### WHAT THE TASK REQUIRES
Lines from the beginning of the data below through the one containing "linddna - set" are to be printed exactly as they appear.

--------------------------------

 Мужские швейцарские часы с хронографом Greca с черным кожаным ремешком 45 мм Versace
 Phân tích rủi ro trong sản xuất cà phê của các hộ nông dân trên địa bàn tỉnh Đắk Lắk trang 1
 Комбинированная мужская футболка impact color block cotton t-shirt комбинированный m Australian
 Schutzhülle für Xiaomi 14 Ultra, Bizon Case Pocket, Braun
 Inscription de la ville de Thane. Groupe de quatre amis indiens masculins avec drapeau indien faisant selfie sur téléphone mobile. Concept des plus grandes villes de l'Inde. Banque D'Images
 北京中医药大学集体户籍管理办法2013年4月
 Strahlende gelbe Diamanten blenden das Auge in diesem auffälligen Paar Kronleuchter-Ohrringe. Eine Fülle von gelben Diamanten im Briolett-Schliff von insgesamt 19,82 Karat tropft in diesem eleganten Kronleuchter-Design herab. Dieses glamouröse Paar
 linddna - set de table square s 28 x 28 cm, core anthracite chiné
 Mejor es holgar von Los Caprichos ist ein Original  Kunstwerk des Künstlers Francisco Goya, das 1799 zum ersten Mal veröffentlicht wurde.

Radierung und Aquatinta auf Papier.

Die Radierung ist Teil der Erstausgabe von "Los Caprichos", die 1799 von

--------------------------------

### ANSWER TO THE EXERCISE
 Мужские швейцарские часы с хронографом Greca с черным кожаным ремешком 45 мм Versace
 Phân tích rủi ro trong sản xuất cà phê của các hộ nông dân trên địa bàn tỉnh Đắk Lắk trang 1
 Комбинированная мужская футболка impact color block cotton t-shirt комбинированный m Australian
 Schutzhülle für Xiaomi 14 Ultra, Bizon Case Pocket, Braun
 Inscription de la ville de Thane. Groupe de quatre amis indiens masculins avec drapeau indien faisant selfie sur téléphone mobile. Concept des plus grandes villes de l'Inde. Banque D'Images
 北京中医药大学集体户籍管理办法2013年4月
 Strahlende gelbe Diamanten blenden das Auge in diesem auffälligen Paar Kronleuchter-Ohrringe. Eine Fülle von gelben Diamanten im Briolett-Schliff von insgesamt 19,82 Karat tropft in diesem eleganten Kronleuchter-Design herab. Dieses glamouröse Paar
 linddna - set de table square s 28 x 28 cm, core anthracite chiné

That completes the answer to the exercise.